Голышев не понимает, когда на вопрос «Как дела?» или подобный отвечают «Хорошо» или «Нормально», по его мнению, это значит, человек мёртв при жизни, и для него всё кончено.
— Какова ситуация? — спрашиваю я.
— Я сегодня настроен кого-нибудь спасти, — отвечает Голышев.
Пьём и делимся небылицами. Замечаю в другом конце бара Леночку, ещё одного прототипа моего персонажа — по её рассказам я написал знаменитые «Леночкины истории». Знакомлю Леночку с Голышевым и Андрианом. Решаем передислоцироваться на улицу Некрасова.
Идём по Рубинштейна. Вспоминаю, как той зимой был здесь, чтобы встретиться с К, моей знакомой из Москвы.

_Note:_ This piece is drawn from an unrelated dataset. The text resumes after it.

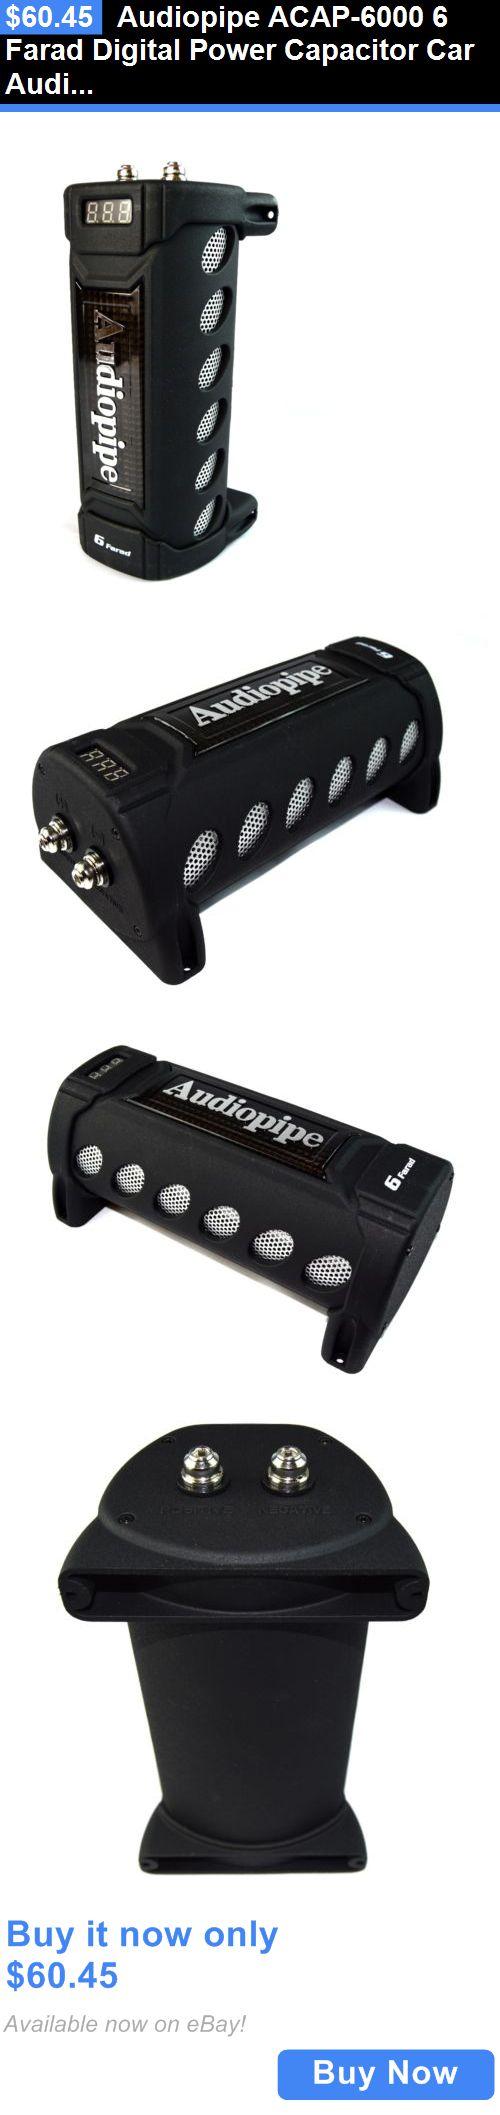 Capacitors: Audiopipe Acap-6000 6 Farad Digital Power Capacitor Car Audio Amplifier Cap BUY IT NOW ONLY: $60.45

Некогда К работала в компании, которая заказала контент у нашего Русского Динозавра. Потом уволилась, и время от времени мы общались. Она жила в Москве, потом в Черногории, и впервые за долгое время оказалась в Петербурге. Изъявила желание встретиться, я согласился. Встречу, к моей неожиданности, К назначила в караоке ‘Poison’.
Была ночь субботы. Я обнаружил К в болбочущей толпе, изрядно навеселе, с парой таких же коллег. Моего роста, со светлыми волосами и бровями, К была чрезвычайно напориста и сразу же дала мне понять, что встреча со мной для неё — нечто большее, чем товарищеские посиделки.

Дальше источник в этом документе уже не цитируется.